My partner, Marie Stumbo, put together a video and mounted her tablet onto our poster for our own presentation of our work – optimizing Paula, our avatar, for real-time rendering capabilities. I created a couple videos, which are posted below in three separate posts and linked on Vimeo, to demonstrate what I have done to help with that and now how making expressions without morph targets is absolutely possible.

The lighting rig was a piece of work I enjoyed playing with earlier in the summer. Simply put, lighting is taxing on the processor, and definitely forces rendering time to suffer. Combine this with a high polygon count and you may be sitting and waiting for something to render for hours or days! In our case, the original rig was a set of six symmetric lights that left Paula neutrally lit and with a shadow down the bridge of her nose, which almost created a line of symmetry.

I couldn’t do the traditional three point lighting scheme due to the lack of true ambient light in a computer setting; this caused Paula to have dark shadows on her face, which is too dramatic for our purposes. Instead, I created a four point lighting scheme and adjusted the glow and bloom of the one spot light I used in order to bring more saturation and color into her face, and also to remove the shadow going down the bridge of her nose. I’d like to think the results were pretty decent!

In my opinion, the expressions video was more interesting to look at. 3DS Max gave me issues with putting holds/pauses between most of the expressions until the last two or three at the end, but the results still surprised and delighted the colleagues who looked at the video. Each person was impressed by the results of a bone and articulation-based system instead of pure morph targets.

However, every single person brought up a point: the eyebrows. If you look at the video, you can notice how red/dark shading near her eye sockets and around her brows seems to jump sporadically. This is an issue with the texture map coded on the skin. As far as I understand, and pardon me if this explanation is lacking or a bit incorrect, but the map is based on opacity. It will show more or less depending on the push or pull of the brow bones.

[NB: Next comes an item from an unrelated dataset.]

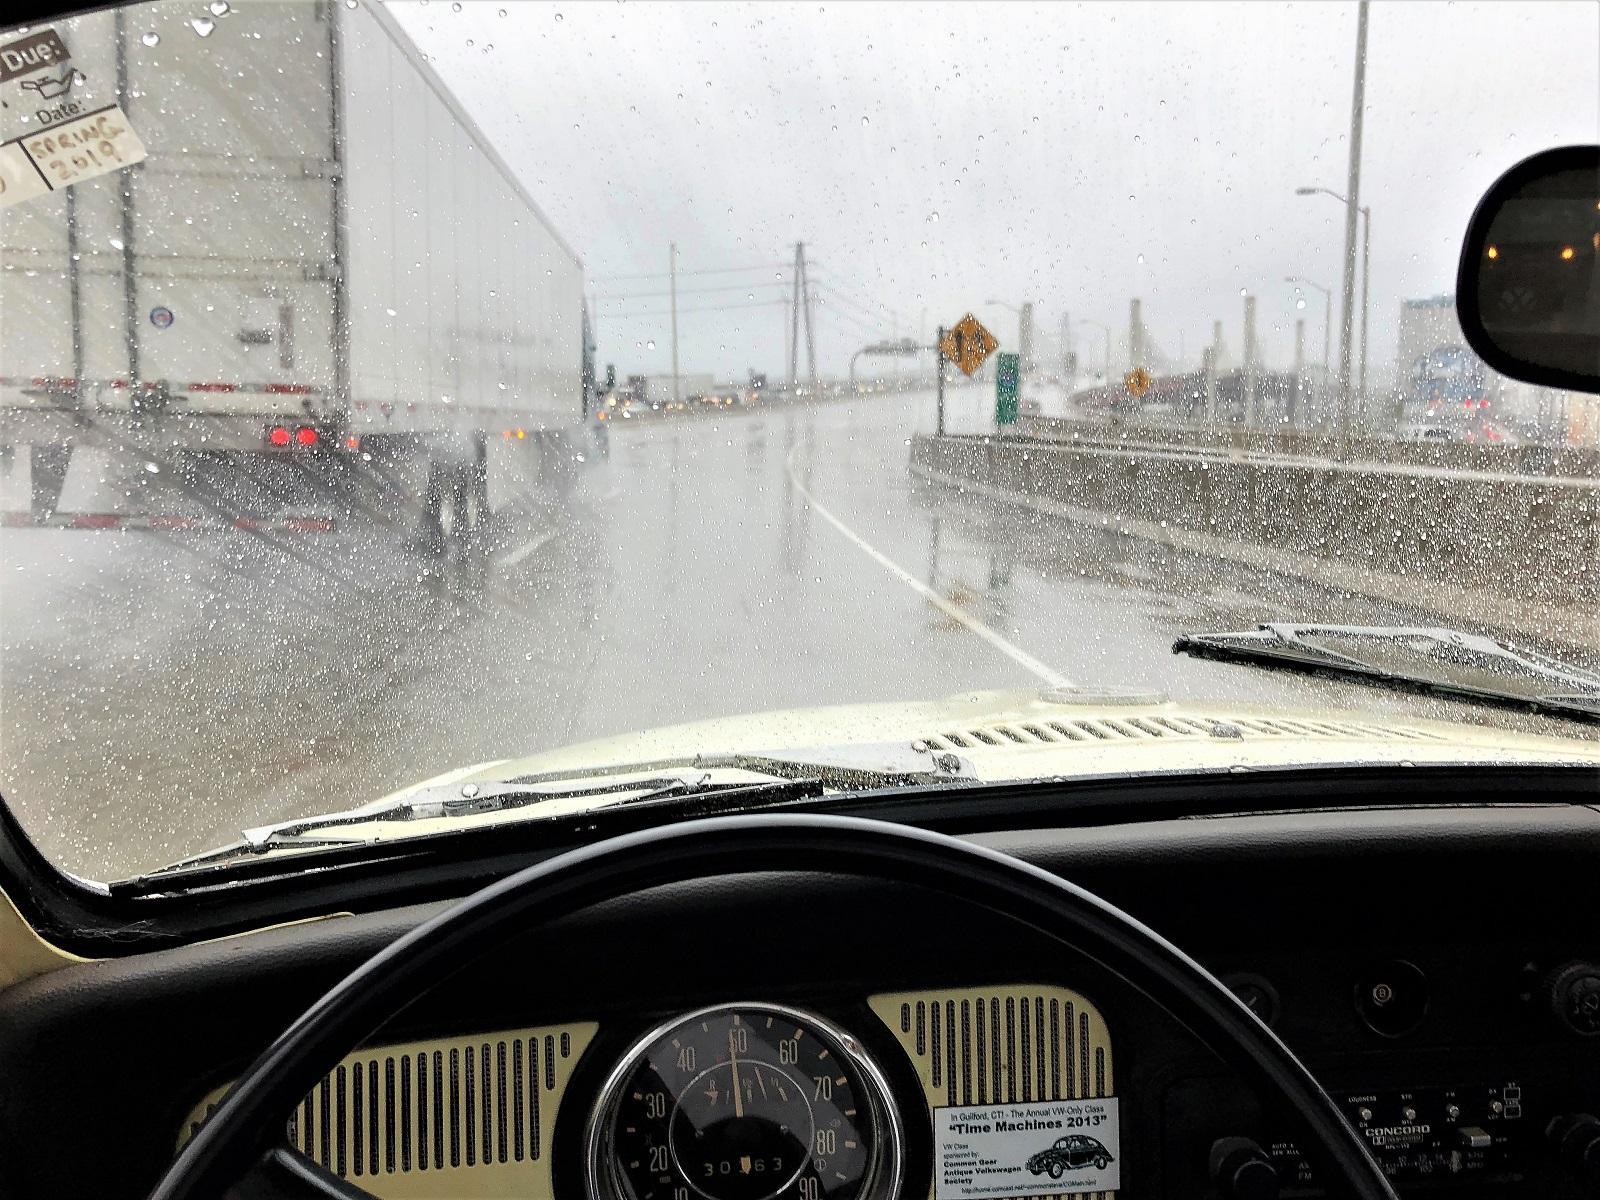 Rainy season returns to Southern Connecticut...

Because I had pushed the expressions to the extreme (for the software), the texture map became confused and jumped, creating an ugly look that needs to be sorted out. That said, that is my next point of research and development: re-programming and playing with the texture map for the brows, so more fluid motion and transition can be achieved! I also hope to play with the eyes a bit to fix the issues of the corners popping out near her lower eyelids.

I am very excited for my upcoming work with the texture mapping. I hope this will allow for an even wider range of emotions that are more naturalistic – I love what I do, and I am always excited to improve upon what I have done.